This is Why Queer Youth are More Likely to Suffer From Mental Illness (Part 2)

In part one of this blog series, we talked about the risk factors of coming out, and in this is part, we’ll talk about the different mental illnesses that afflict queer people. When it comes to mental illness, some groups of people are more affected than others, and this is because of a plethora of issues like societal issues, environment, and even genetics. One such group is the queer community (composed of individuals with different gender identities and sexuality other than cis-gendered and straight). Studies have proven that queer individuals are more likely to have mental illness compared to their straight counterparts. This is because they are at high risk of experiencing shame, trauma, and discrimination based on something they can’t change. Queer people also use mental health services 2.5 times more than their straight counterparts.

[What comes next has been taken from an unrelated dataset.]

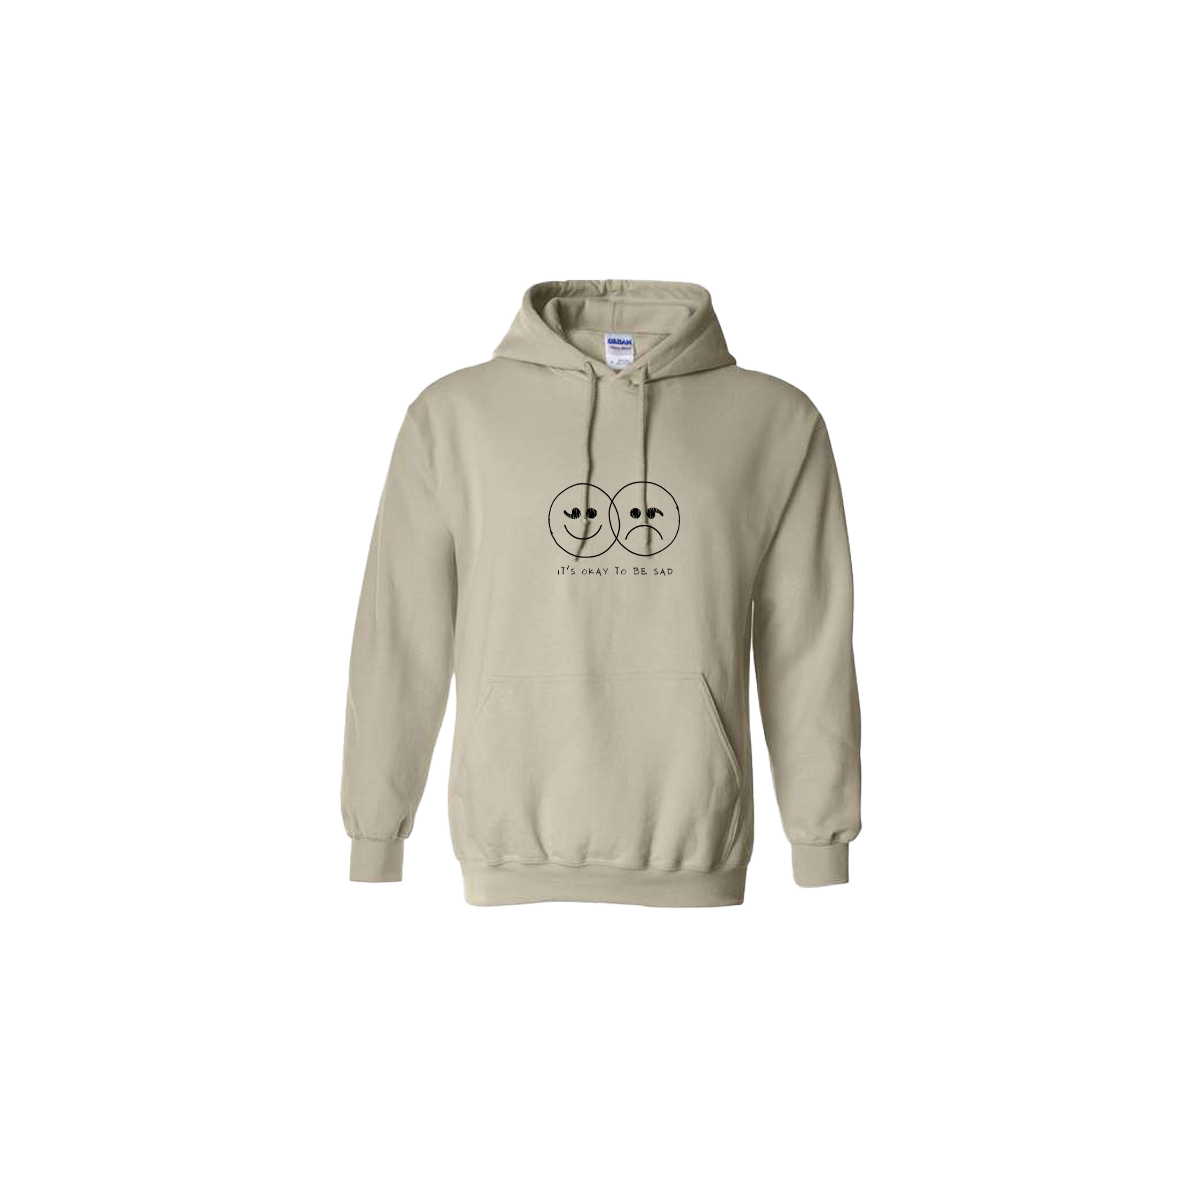 It's Okay to be Sad Double Smiley Face Embroidered Beige Hoodie - Mental Health Awareness Clothing
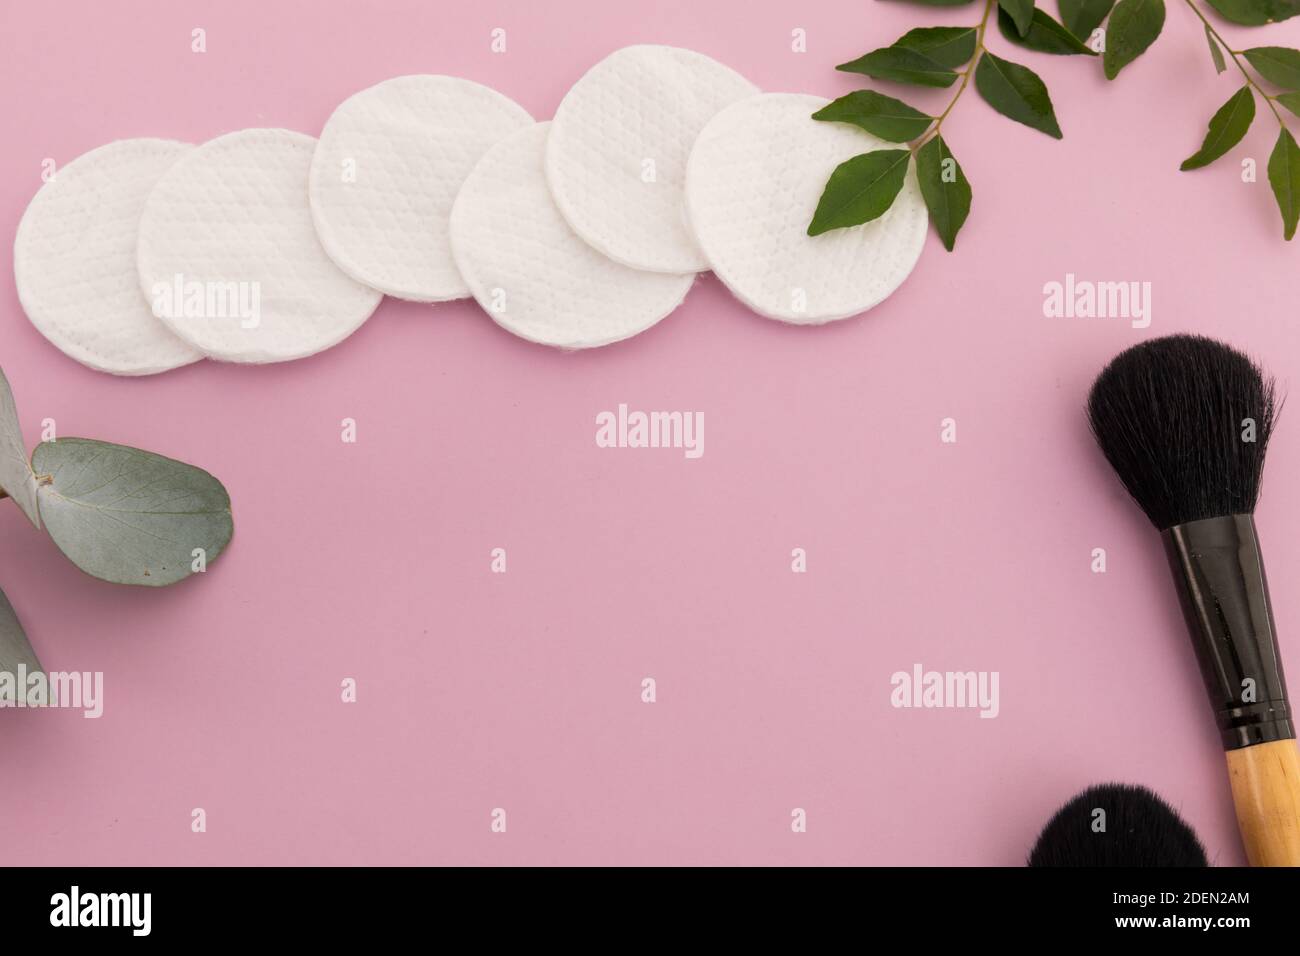 Makeup brushes, cotton pads and plants on pink background Stock Photo

According to statistics, 4.5% of the American population identify as lesbian, gay, bisexual, or transgender, and over 39% of these individuals have reported suffering from mental illness in the past year. This is nearly 5.8 million people, which is roughly the population of Kentucky. Research also suggests that queer people also face health disparities, which are linked to social stigma and discrimination. Queer teens are 6 times more likely to experience symptoms of depression compared to their straight peers, and the former is twice as likely to feel suicidal and over 4 times as likely to attempt suicide when compared to heterosexual youth. It is also very alarming when we see the statistics of trans adults; 48% of them have seriously considered suicide in the past year; it is essential to note that about 4% of the US population have thought about suicide. 8% of queer individuals and 27% of trans individuals reported being denied health care services.

Why are queer people more likely to suffer from a mental illness?


With the lack of acceptance and ostracization of friends and family, queer people face a lot of discrimination in the space they live in. This is one of the main factors that affect queer individuals around the world, and with the rise of homophobic and transphobic violence, queer people are more and more fearful of being open and proud in public. The increase in hate crime has increased PTSD (Post-Traumatic Stress Disorder) of being open out in public. It is important to note that 2021 has been deemed the year when it was the hardest to be trans in the world. 2021 is the ‘deadliest year’ since the record began, and this year only, 375 trans people were murdered around the globe. Last year 350 trans individuals were murdered, and one would think that queer people are more and more accepted, but the number tells a different story. ΒΌ of those killed this year were killed in their home according to the TDoR (Transgender Day of Remembrance). 9 out of 10 trans people killed this year were trans women or transfeminine people and over half of 58% of them were sex workers.

What can you do about this?


Whether you are queer or an ally, one thing you can do is help out and donate to your queer organizations or to The Trevor Project. We thrive in unity, and once we start talking against discrimination and homophobia that is still seen in public is coded as wrong, we see true and real progress. If you are not prepared for your kid to be queer or non-binary, or trans, then I’m sorry to say this, but you shouldn’t be a parent because the job of a parent is to love their kids no matter what and to fight for them to live and have a better life than you had. Support systems are an essential aspect of mental health and queer and straight individuals’ well-being.

Sound off in the comments section below and tell us if you want to read more about queer issues. It is important to talk and write about these problems because they are usually kept aside and discarded as we are people who are already in the margin. By talking about queer issues, we normalize them and make them more acceptable to talk about. By talking about queer issues and mental illness, we are making it easier for queer people to ask for help if they struggle with their sexuality and/or gender identity.